PROVIDED MATERIAL →
——————
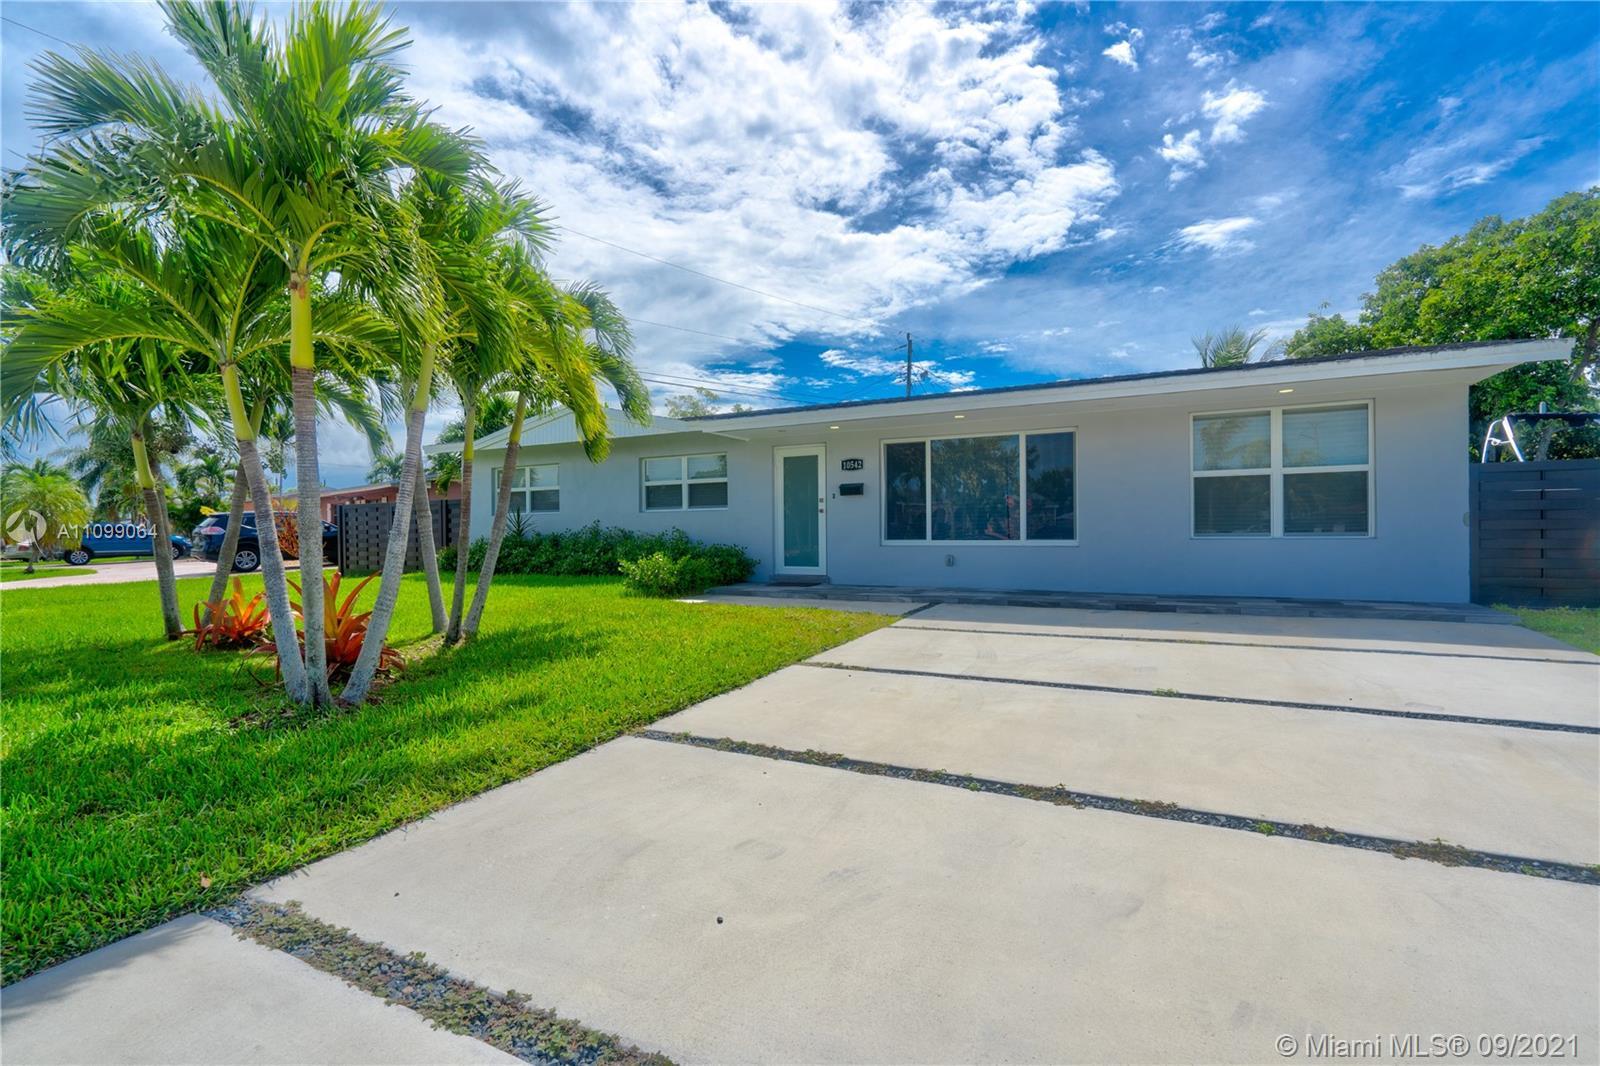 Heftler Homes - 10542 SW 50th St, Miami, FL 33165
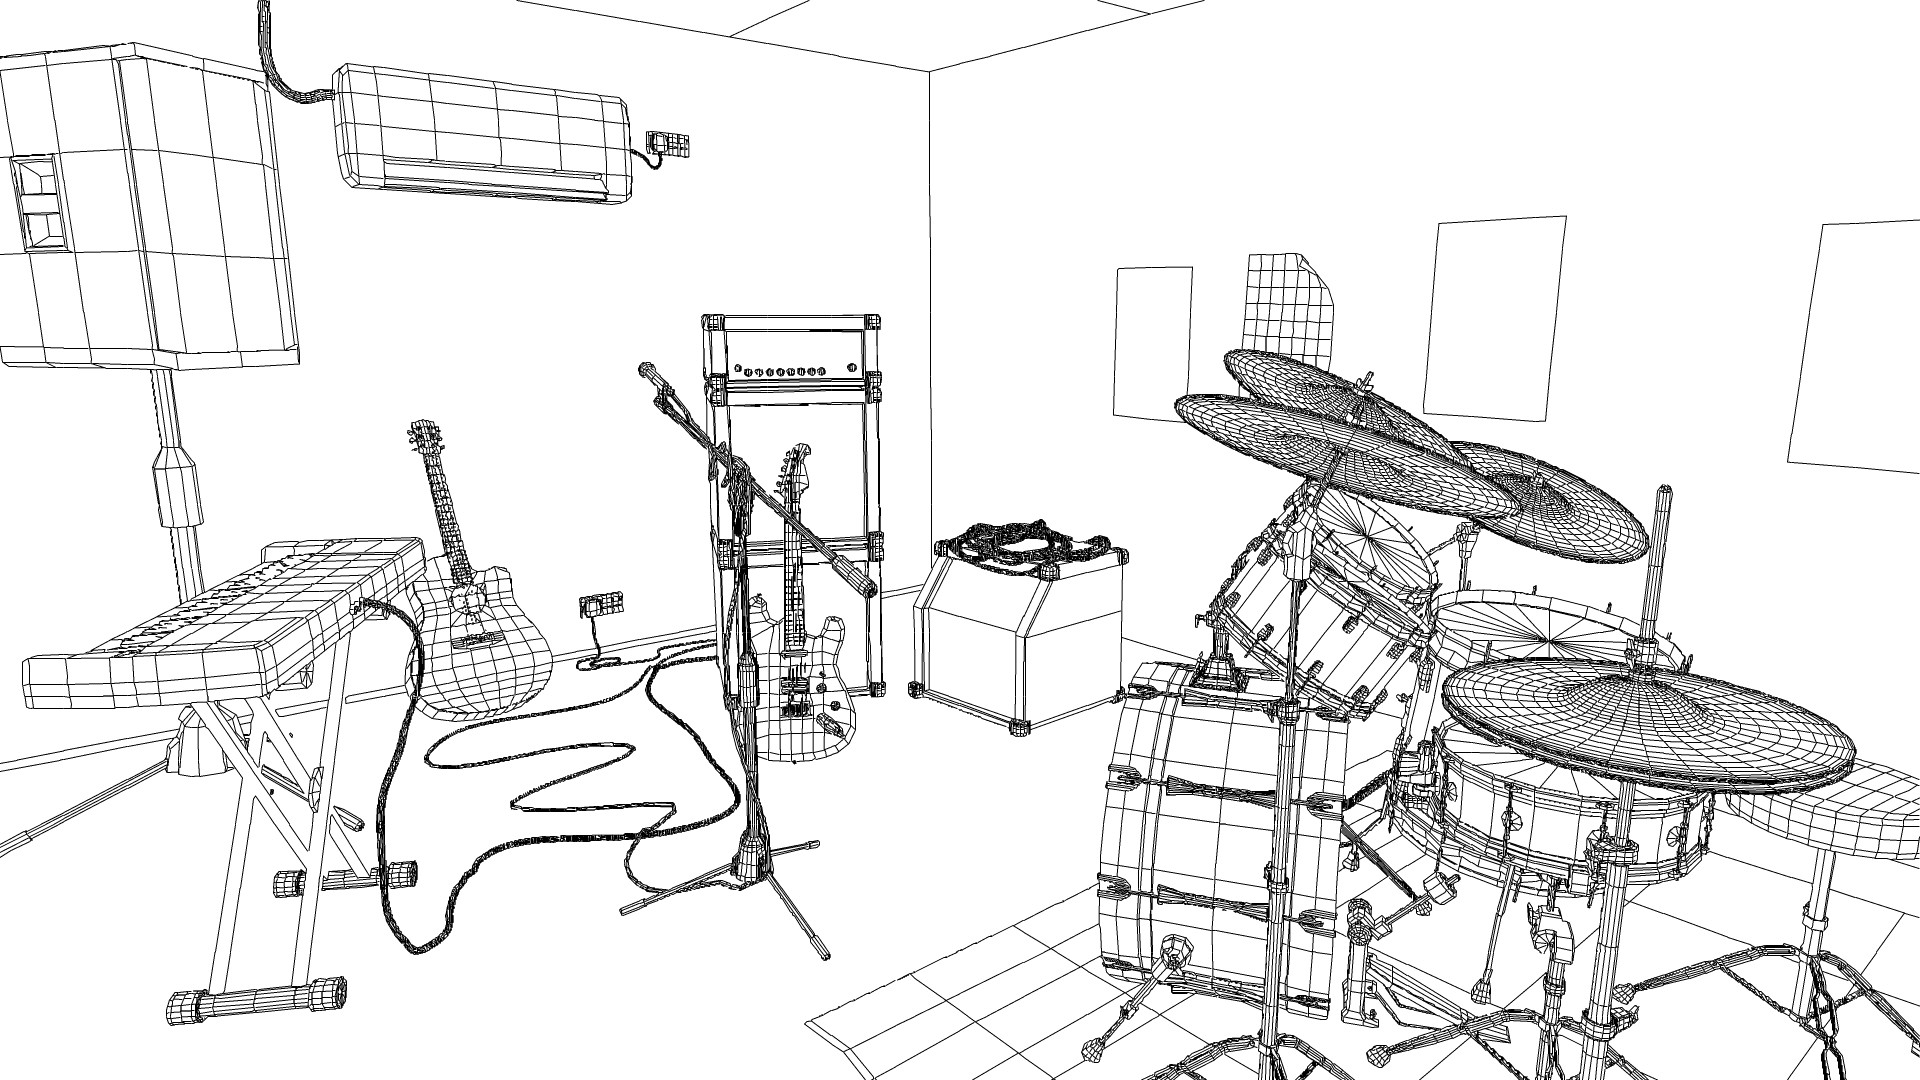 kyle tew the band roomkyle tew dan143 1 2 interior tewkaien 09 [ 1920 x 1080 Pixel ]
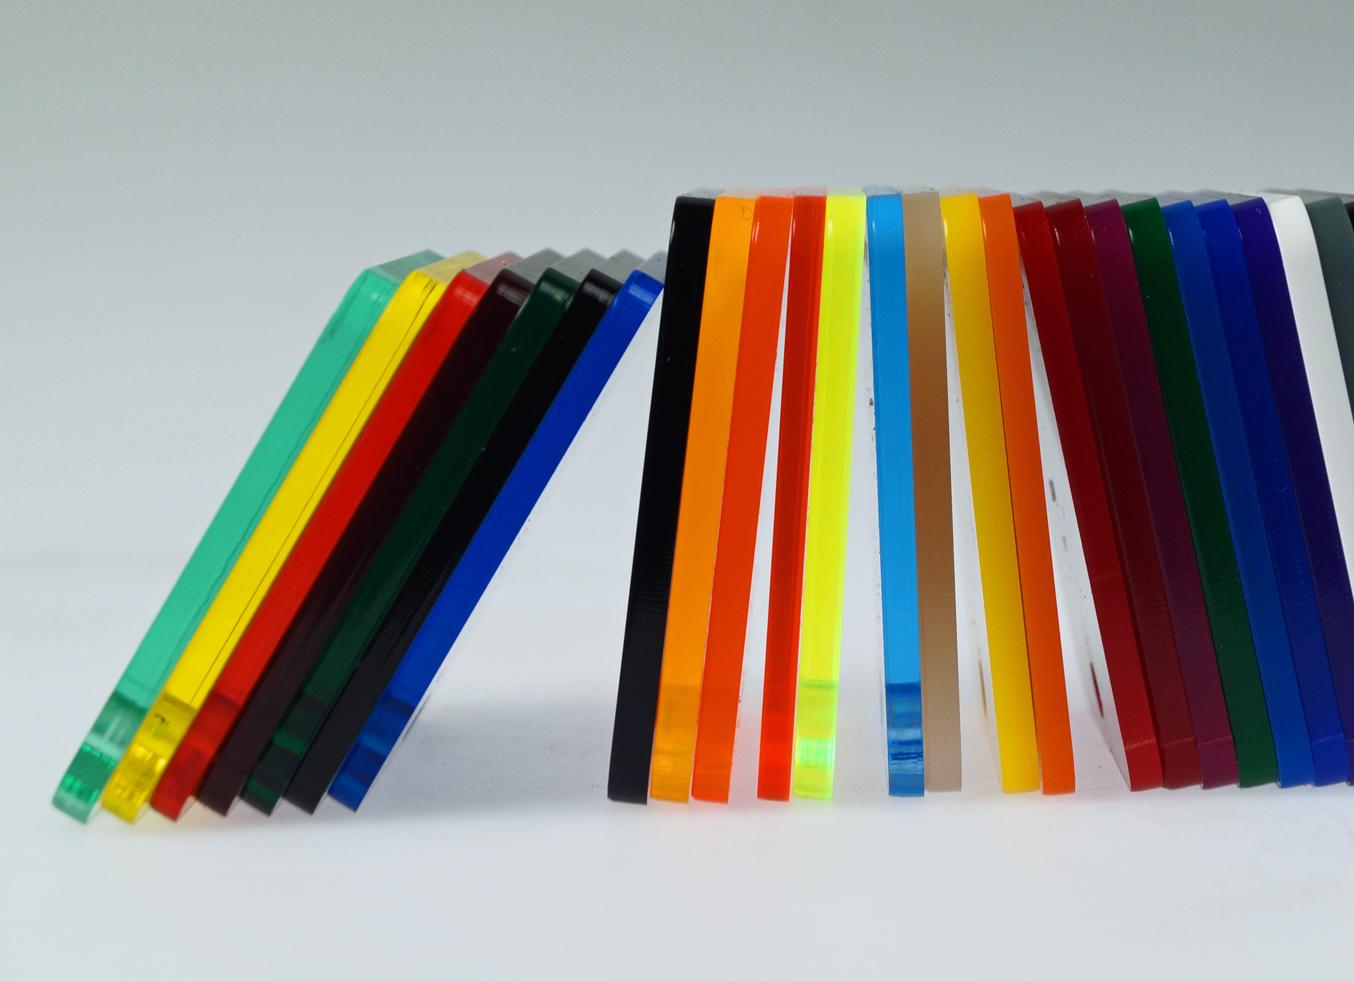 New color acrylic sheets range
——————
AIM OF THE EXERCISE →
All lines above are to be restated word for word, with pictures excluded.

REPLY TO THE TASK →
 Heftler Homes - 10542 SW 50th St, Miami, FL 33165
 kyle tew the band roomkyle tew dan143 1 2 interior tewkaien 09 [ 1920 x 1080 Pixel ]
 New color acrylic sheets range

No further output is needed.